In another popular interview, a journalist from Bloomberg touches upon a lot of the core functionalities, as well as the critiques and risks associated with the interesting new application. The interview also features a real-world test of the accuracy of the final product, the mimicked voices themselves used on the relatives of the interviewer. On the surface, mimicking a voice seems harmless fun, but the real implications and ethics of these tools are risky to say the least. Check out the Bloomberg interview with the founders and core developers in the YouTube video below:
Try To Mimic Any Voice With Lyrebird AI
If you want to try the software out for yourself, you can find more information on the official webpage for Lyrebird AI on Descript’s website. That’s also where you can download the tool and experiment with it more. There are three pricing plans for the tool, ranging from a (forever) free trial for up to 3 hours of speech.
Producers can start an annual plan for $10 USD a month that provides access to full audio and video editing tools. This also includes transcriptions. There is, however, a limitation of 10 hours of transcription recordings for each individual producer account. So you might want to upgrade that with a custom plan when you need more TTS-production hours per month. Another option is to simply register multiple producer accounts, or go for the team plan that is more convenient for larger businesses.
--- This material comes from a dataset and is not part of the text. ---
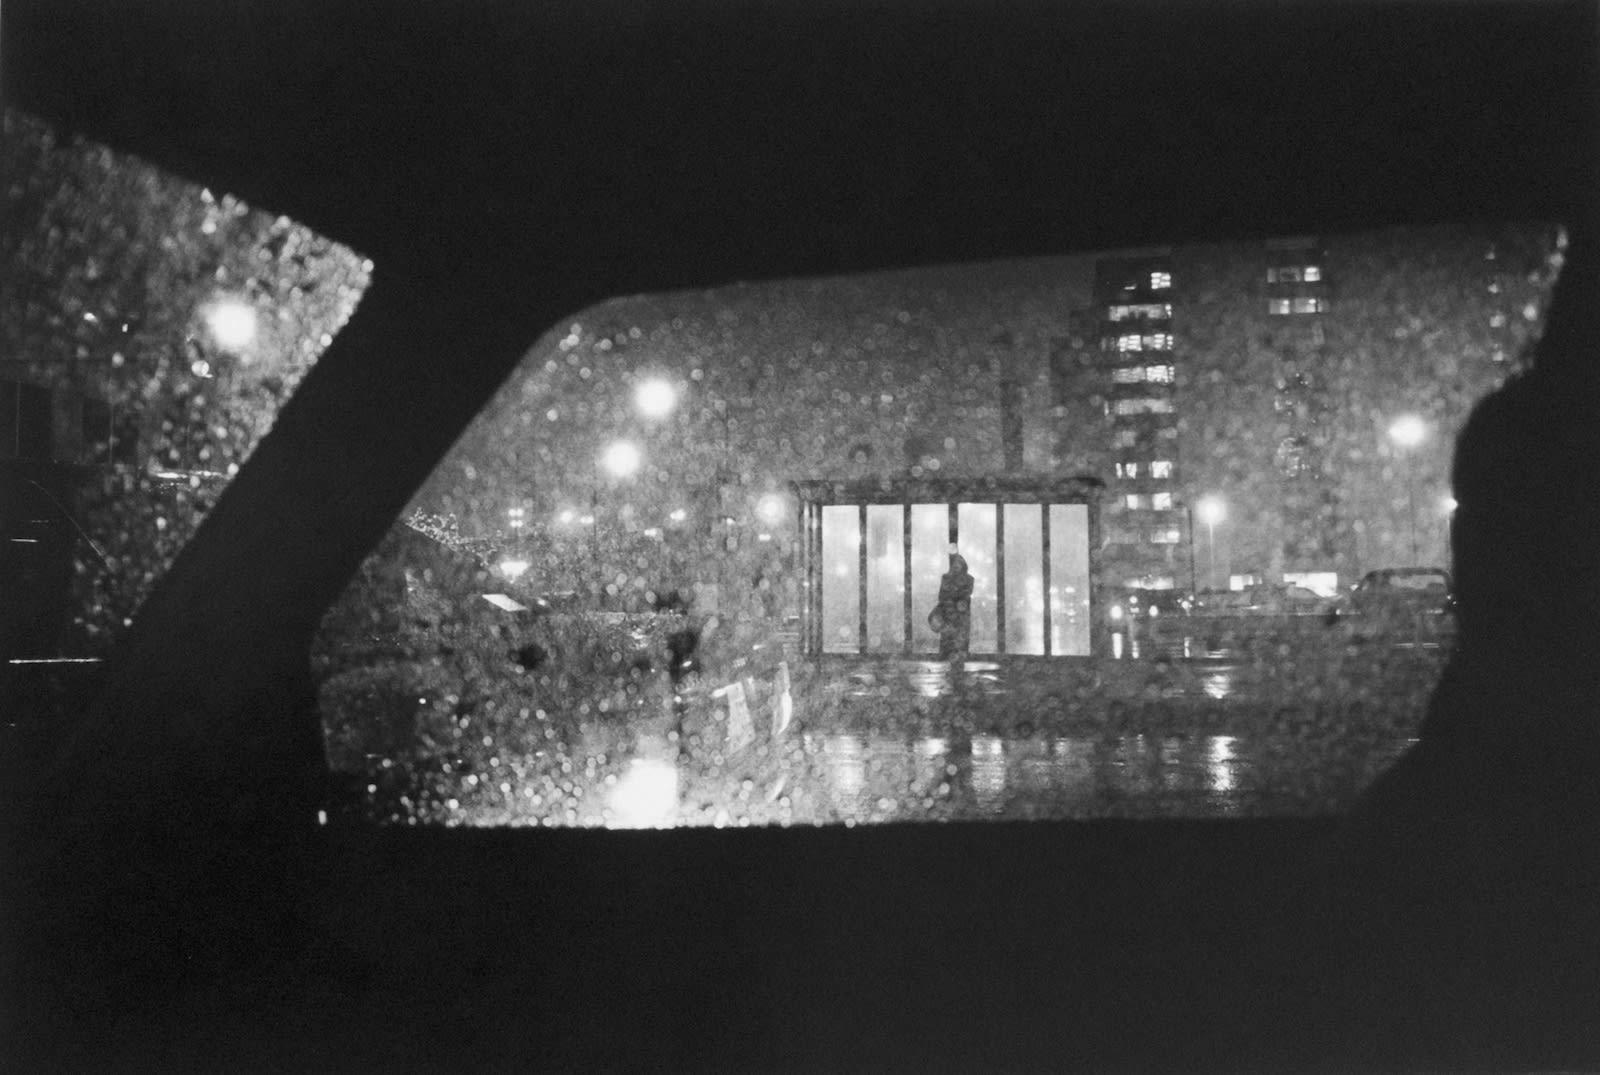 Tom Arndt Woman at bus stop at night, Chicago Tirage gélatino-argentique moderne, réalisé par l'artiste 30 x 44 cm Dim. papier: 40,6 x 50,8 cm
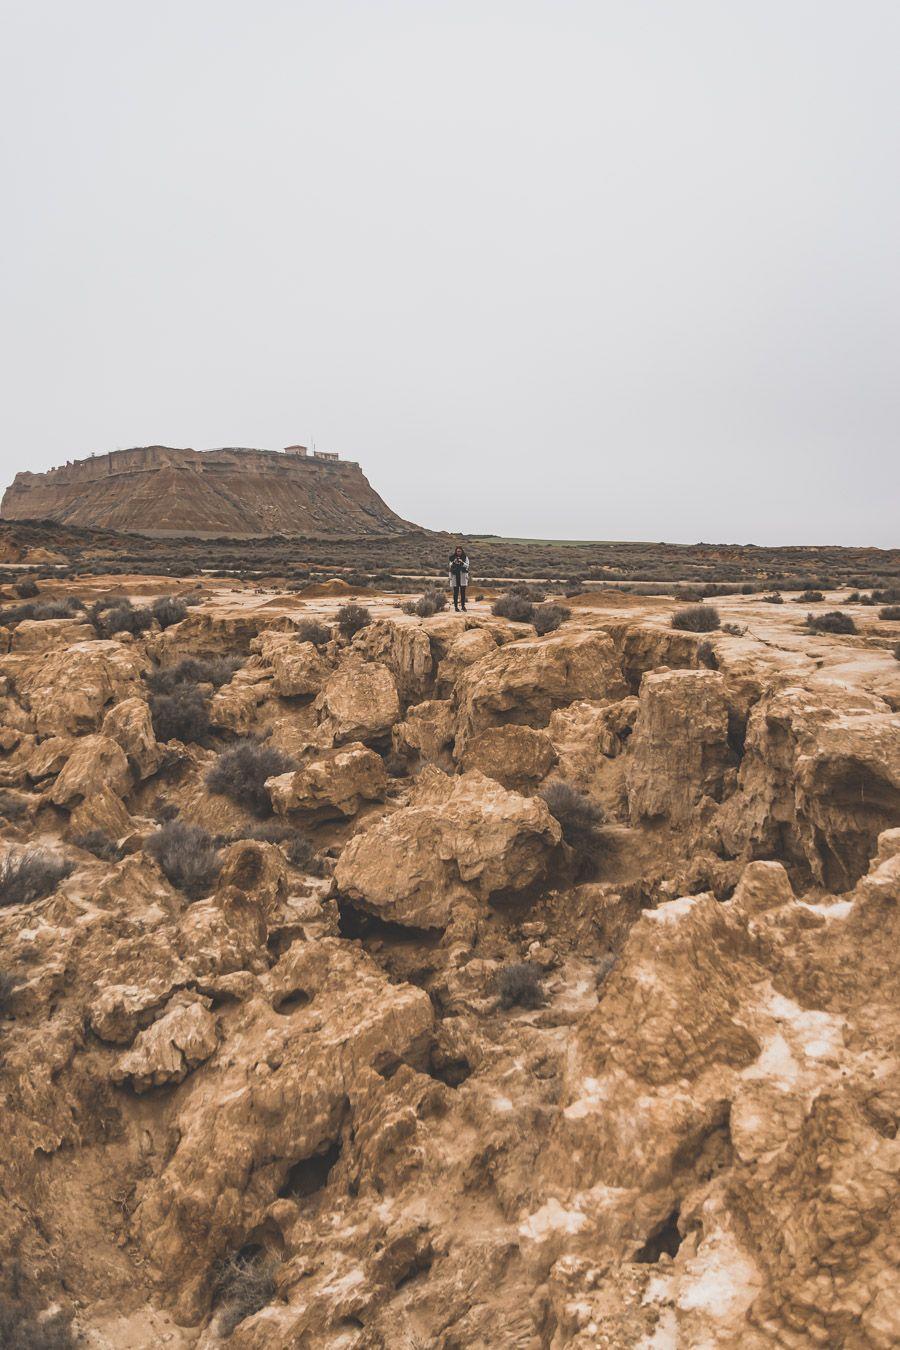 tout petit face à l'immensité du désert

For teams of multiple people, there is a more extensive professional plan for $15 USD a month for each user. This also includes extra software features. Do remember that when choosing for monthly pricing, the prices might differ from the annual plans.
Please also note that these prices are likely to change over time, so please check the official pricing page here for up-to-date pricing plans. For all plans there is no need to enter any credit card details, which is always a nice thing to see from a regular user’s perspective.
We highly encourage deepfake enthusiasts to try out the free plan, and see where we are at with the progression of deepfake audio creation. The results that can be generated with such a user-friendly application are truly unprecedented. And it just goes to show how easy and accessible it is for anyone to start using deepfake audio and voice cloning for themselves. The trick question is, however, for which purpose people will start using these types of tools.
While the vast majority of people will start mimicking voices for fun or a media-related project, there is a small minority with bad intentions that will start using tools like these for e.g. voice phishing (“vishing”) purposes. It creates enough of a risk for these types of AI software tools to potentially become banned in the future, when governments will start to regulate the industry more. With adoption comes stricter regulation, so do enjoy your copy of this Lyrebird AI voice software while it lasts and is still ‘legalized’.